Дальнее зрение. Из записных книжек (1896–1941) | страница 118




Нас поражает то, что самые исключительные и важные события истории совершаются так же и среди тех же обыденных флюксий нашего быта, что и ежедневные маленькие дела дней. В тех же самых мелочах и дифференциалах обыденной жизни незаметно происходят и говорят свое слово важнейшие и поистине ведущие события всемирной истории. В этом, может быть, одна из наиболее трагических сторон. Она, во всяком случае, производит на нас высоко-трагическое впечатление: как это смерть друга и разрушение вековых построек совершается совсем так же и теми же силами обыденности, что и беззаботное пение летних солнечных дней!

«Закон сохранения себя» опирается конкретно на самозамкнутое стремление сохранить свою жизнь, – инстинкт всего живущего, выражающийся впоследствии в законе «ассимиляции». Но самый инстинкт-то еще не обязателен и носит в себе случайные, злые, консервативные черты и начала!

Инстинкт самосохранения – другая сторона инстинкта самоутверждения; а он подлежит уничтожению, а отнюдь не построению на нем, как «на камне краеугольном» – философии, правды и общества!

Совсем напротив! Более чем когда-либо открывается именно перед лицом новейших попыток «построения общества», что оно требует от лица человеческого умения «самоликвидации»!..

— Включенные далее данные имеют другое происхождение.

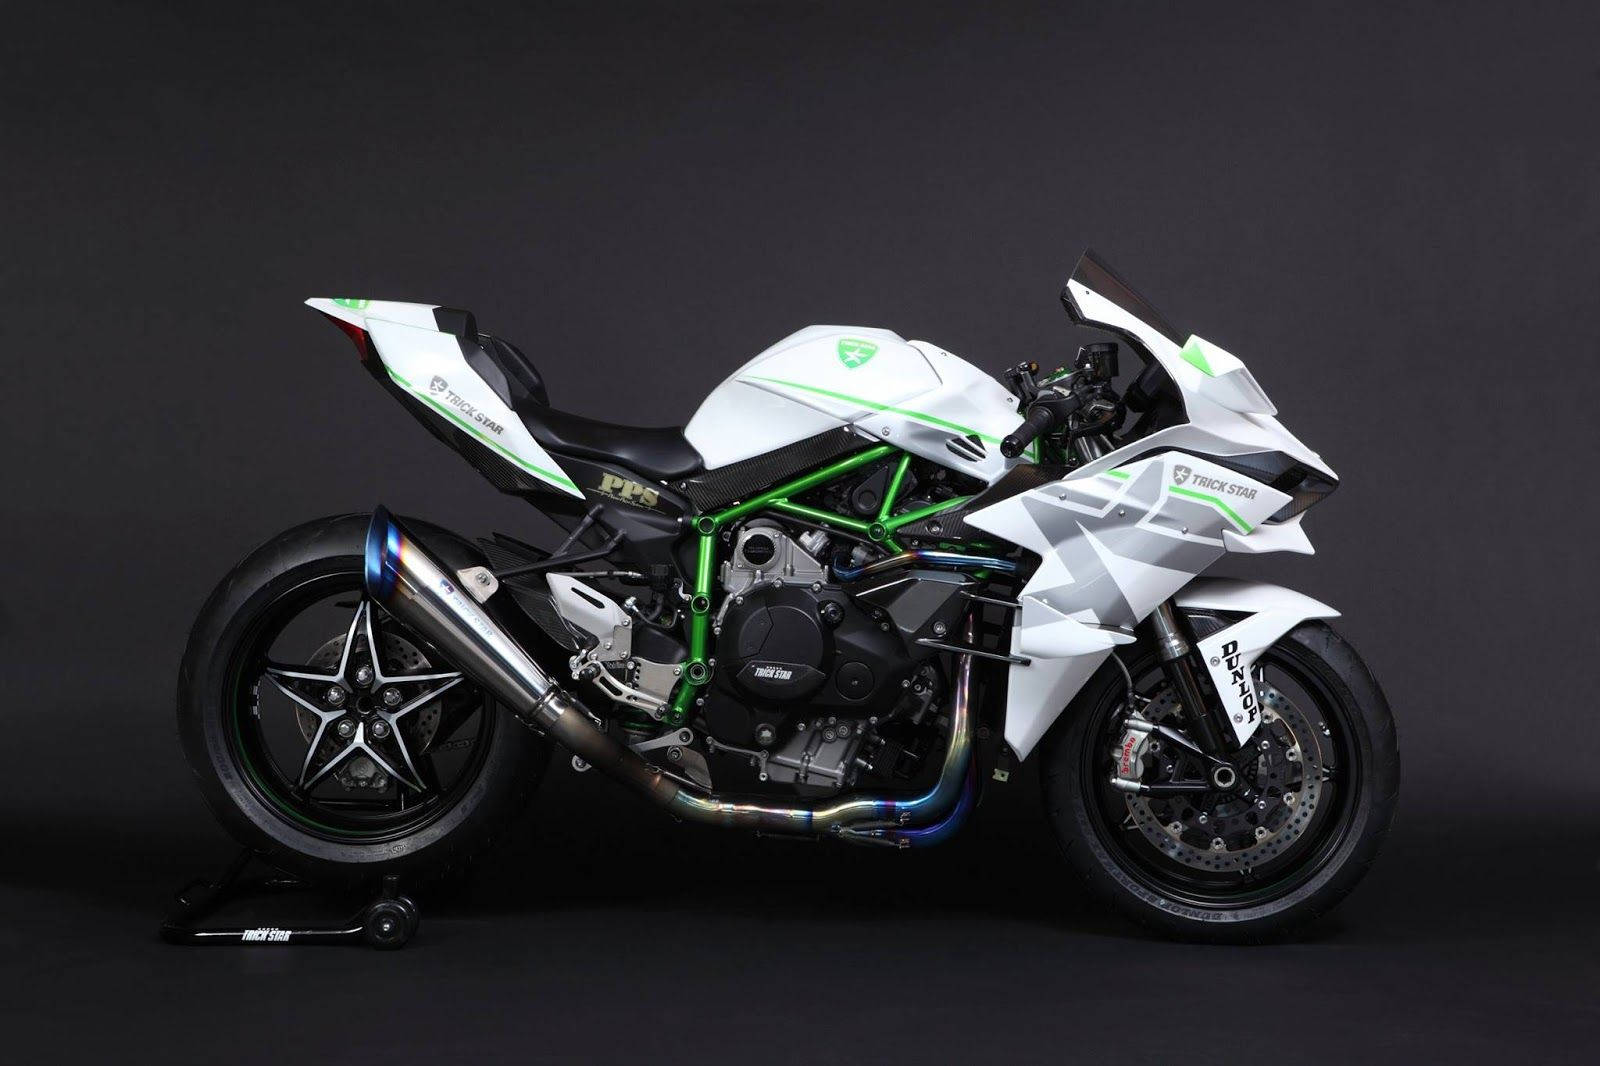 Exhilarating Power - The White and Black Kawasaki H2R Wallpaper

«Понимание» действительности надо еще заслужить. Нет ничего вреднее той иллюзии понимания друг друга, которою мы живем в обыденной жизни, причем оказывается, что после многих лет совместной жизни мы так и не разглядели подлинного содержания жизни в нашем соседе и в соседях и в конце стало понятно, что только путали друг друга, сбивая с пути своим беспутием. Нет ничего обычнее, чем самоуверенно-циничные глаза торговца, с которыми присматриваются друг к другу соседи: дескать меня не надуешь, я-то тебя вижу насквозь, ибо ключ к тебе я всегда ношу с собою: это я сам. И если я считаю себя «умным мошенником», то и тебе делаю самую большую честь, какая есть только в моем распоряжении: я смотрю на тебя через себя, допуская, что и ты тоже «умный мошенник». Чего же еще я мог бы дать тебе?.. Вот это и есть великая проблема двойника в своих интимных истоках, когда собеседник заперт за семью печатями, и нет выхода к лицу человеческому, как оно есть с его потребностями и исканиями.


Я так люблю этот мой старый дом, где протекало мое детство и лучшие годы юности. Для моей души представлялся всегда самым близким и родным его образ. И во всяком случае, говоря и вспоминая о нем, я не сомневался, что знаю его в совершенстве. И какое необычайное чувство удивления я пережил, когда на фотографическом снимке моего дорогого дома узнал, что на его боковой стене, в тесовой обшивке есть совершенно новая, никогда не замечавшаяся мною черта – чрезвычайно замысловатый рисунок, образованный сучками и камбиальными слоями досок. Столько лет прожил я в этом родном углу и никогда не обращал внимания на эти черты в нем, – вероятно, и еще на многие, многие черты!